THE TASK
Once you find the line with "Santa Tracker permite" in the entries below, print it and each line after it up to and including the line with "2 in 1 USB Bluetooth", exactly, without pictures.

RECORDS FOR THE TASK
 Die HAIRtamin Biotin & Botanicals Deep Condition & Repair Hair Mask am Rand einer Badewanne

...

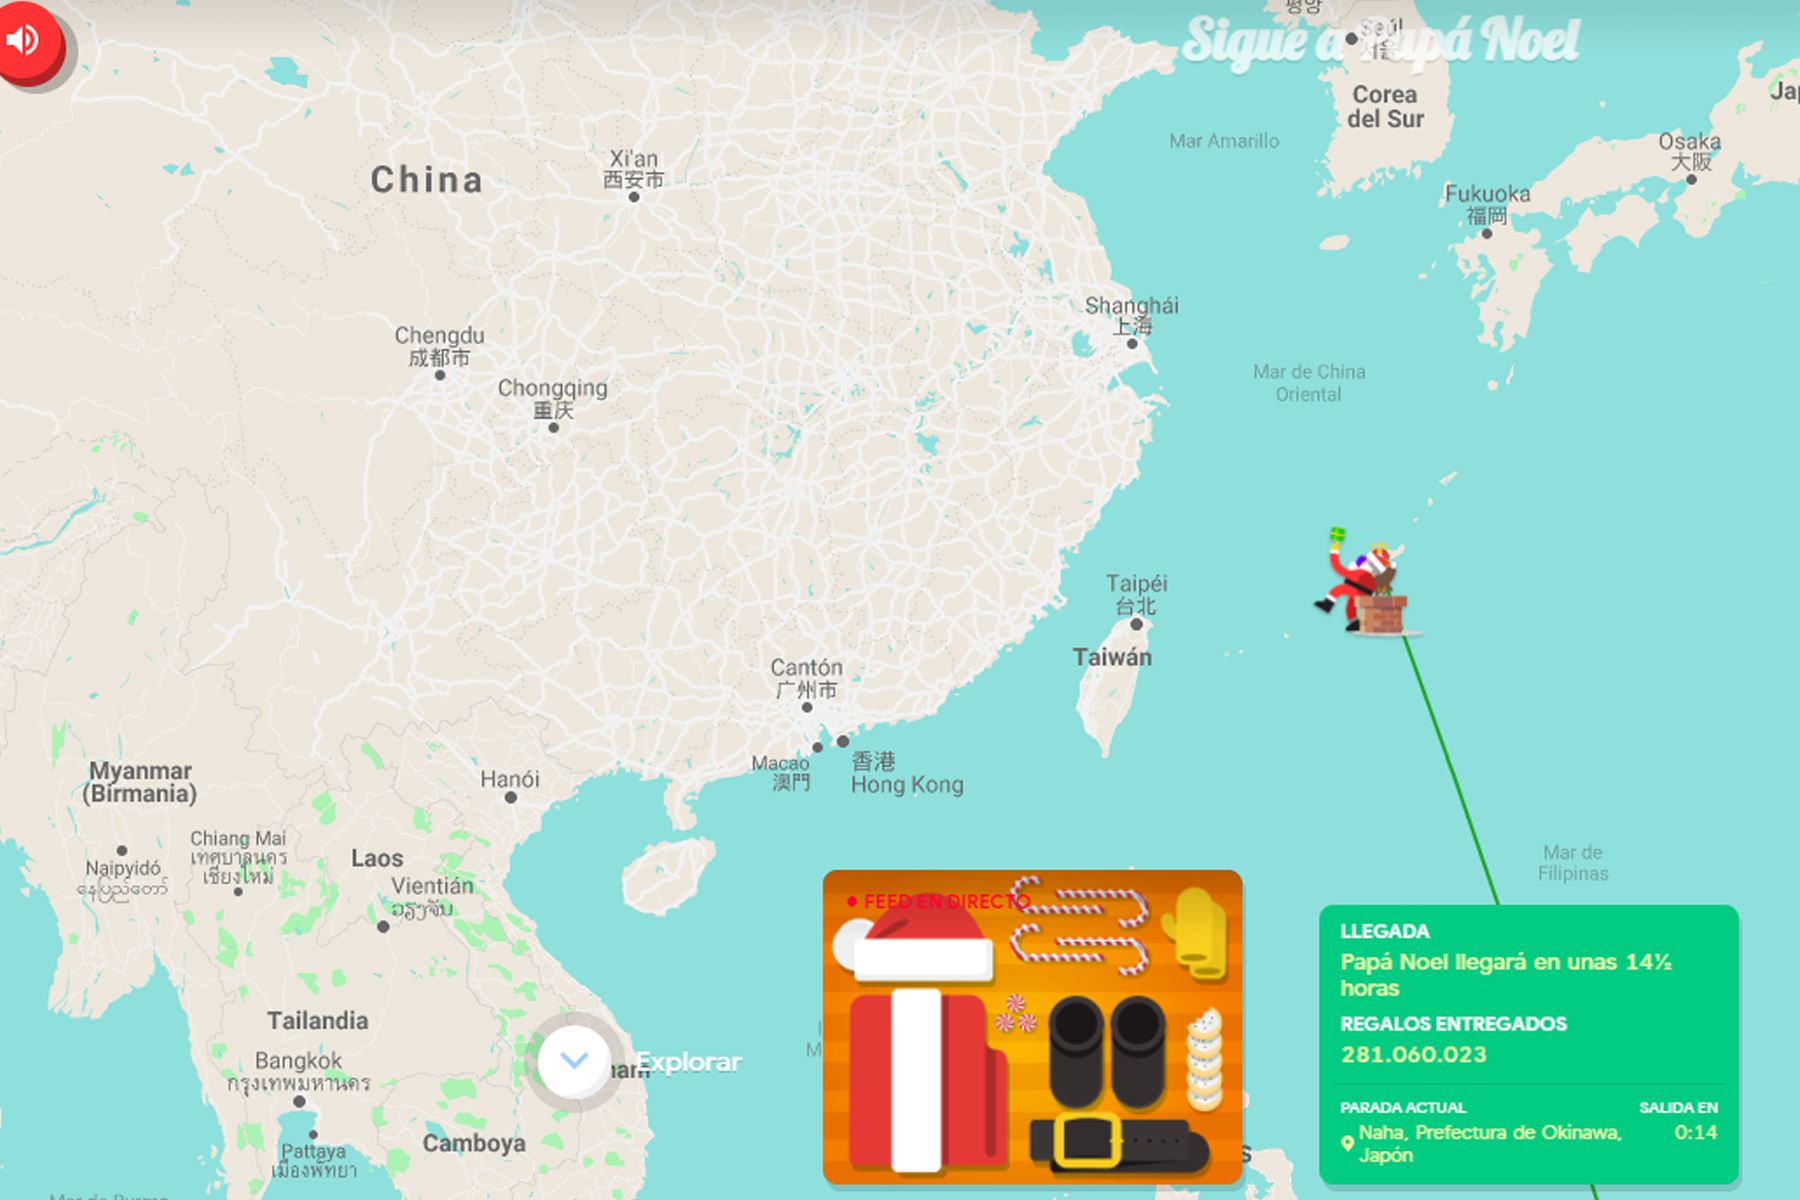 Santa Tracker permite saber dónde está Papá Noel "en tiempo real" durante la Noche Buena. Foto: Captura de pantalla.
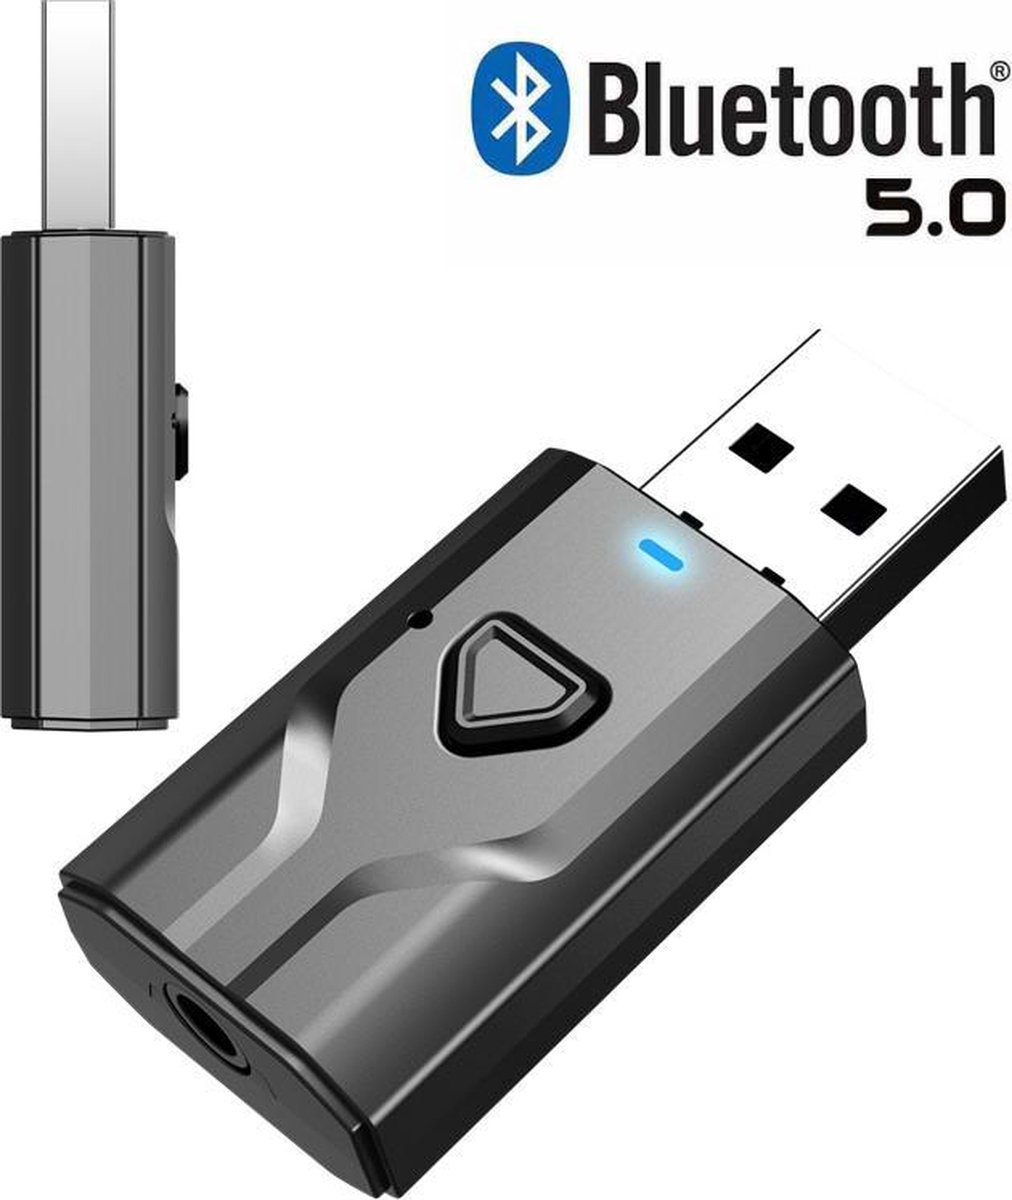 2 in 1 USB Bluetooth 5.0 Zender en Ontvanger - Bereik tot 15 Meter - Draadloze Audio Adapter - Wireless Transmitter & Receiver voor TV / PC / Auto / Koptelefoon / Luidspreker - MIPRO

RESPONSE FOR THIS EXERCISE
 Santa Tracker permite saber dónde está Papá Noel "en tiempo real" durante la Noche Buena. Foto: Captura de pantalla.
 2 in 1 USB Bluetooth 5.0 Zender en Ontvanger - Bereik tot 15 Meter - Draadloze Audio Adapter - Wireless Transmitter & Receiver voor TV / PC / Auto / Koptelefoon / Luidspreker - MIPRO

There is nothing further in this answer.